O levantamento tinha como objetivo avaliar qual o risco para a saúde humana em caso do consumo de peixe contaminado por mercúrio. O resultado em todas as regiões analisadas coloca em alerta a saúde pública, na avaliação os pesquisadores.

Os estudiosos afirmam que é necessário que o governo brasileiro desenvolva políticas públicas e programas que visem a garantia da segurança alimentar das populações mais afetadas, respeitando a soberania alimentar e o modo de vida de casa região.

    “Este é o primeiro estudo que avalia os principais centros urbanos amazônicos espalhados em seis estados. Ele reforça um alerta para um assunto já conhecido, mas não resolvido, que é o risco à segurança alimentar na região amazônica gerado pelo uso de mercúrio na atividade garimpeira. É preocupante que a principal fonte de proteína do território, se ingerida sem controle, provoque danos à saúde por estar contaminada”, ressalta Decio Yokota, coordenador do Programa de Gestão da Informação do Iepé.

Do total geral de peixes estudados, 110 eram herbívoros, 130 detritívoros, 286 onívoros e 484 carnívoros. Os carnívoros, mais apreciados pelos consumidores finais, apresentaram níveis de contaminação maiores do que as espécies não-carnívoras.

A análise comparativa entre espécies indicou que a contaminação é 14 vezes maior nos peixes carnívoros, quando comparados aos não-carnívoros

Riscos à saúde

Altamente tóxico, o mercúrio é usado por garimpeiros que atuam ilegalmente na Amazônia durante a exploração de ouro, principalmente em territórios indígenas, como a Terra Yanomami. O metal é utilizado para separar o ouro de outros sedimentos e, assim, deixá-lo "limpo".

Depois desse processo, o mercúrio é despejado no ambiente e, sem qualquer cuidado, se acumula nos rios e entra na cadeia alimentar por meio da ingestão de água e peixes.

Como consequência, o mercúrio no organismo pode causar graves problemas de saúde que afetam o sistema nervoso (potencial neurotóxico).
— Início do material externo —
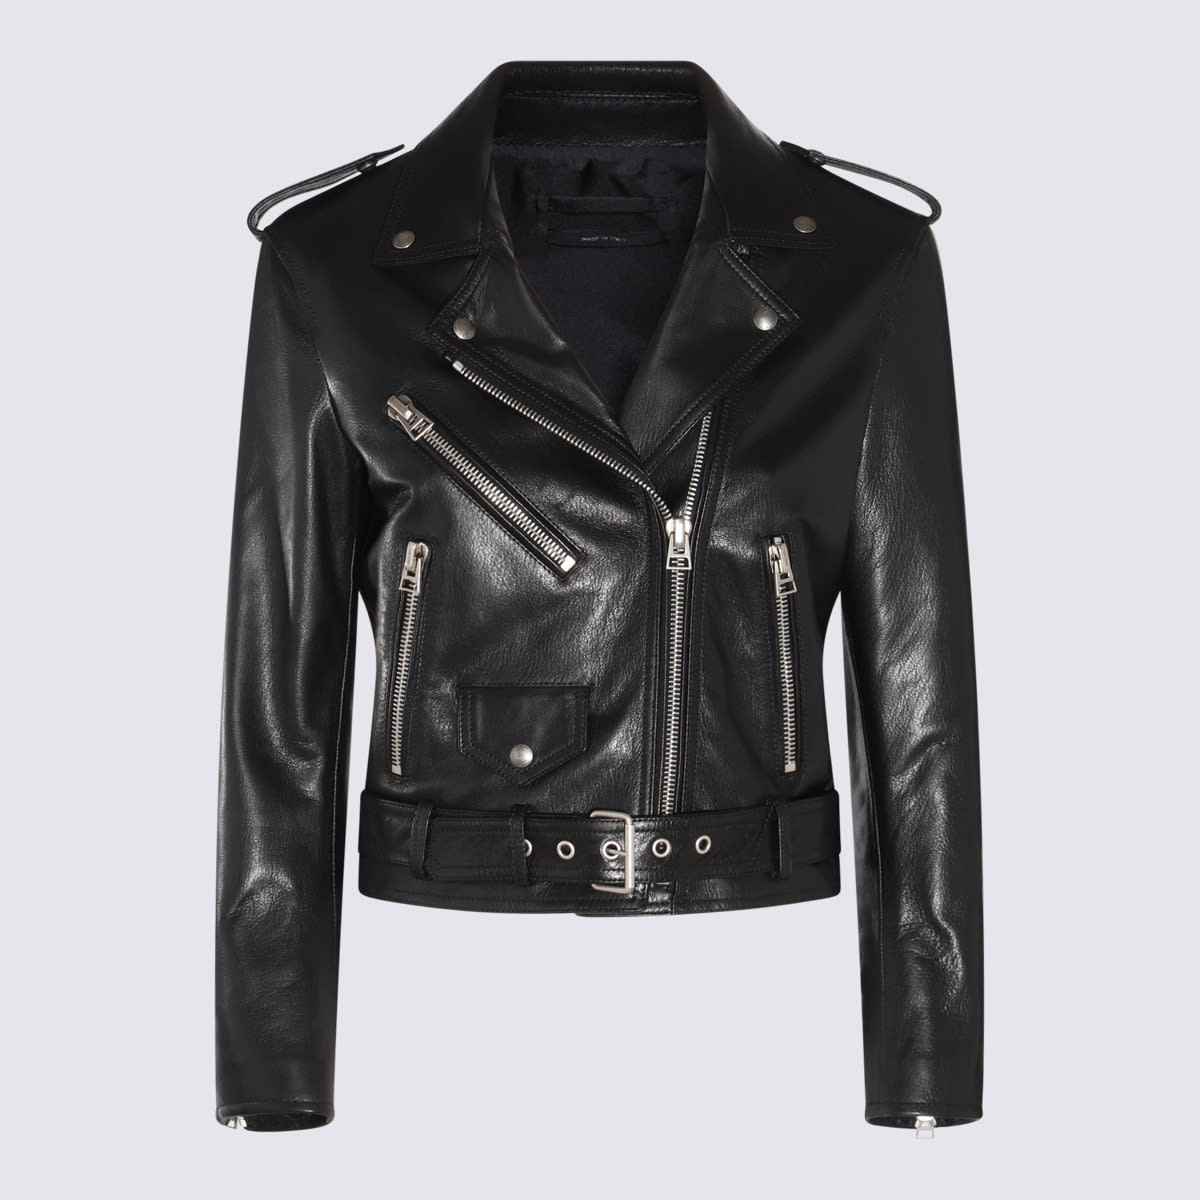 Tom Ford Black Leather Jacket

O metal líquido fica retido no organismo devido à capacidade de bioacumulação. Além disso, a concentração aumenta em cada nível da cadeia alimentar.

Considerando a população de Roraima, o estudo indicou que estão mais vulneráveis à contaminação mulheres em idade fértil, que estariam ingerindo até oito vezes mais mercúrio do que a dose indicada, e crianças de 2 a 4 anos, com até 27 vezes mais do que o recomendado.

“Estamos diante de um problema de saúde pública. Sabemos que a contaminação é mais grave para as mulheres grávidas, já que o feto pode sofrer distúrbios neurológicos, danos aos rins e ao sistema cardiovascular. Já as crianças podem apresentar dificuldades motoras e cognitivas, incluindo problemas na fala e no processo de aprendizagem."

    "De forma geral, os efeitos são perigosos, muitas vezes irreversíveis, os sintomas podem aparecer após meses ou anos seguidos de exposição. É urgente a criação de políticas públicas para atender as pessoas já afetadas pela contaminação por mercúrio e medidas preventivas, de controle de uso”, reforça Basta.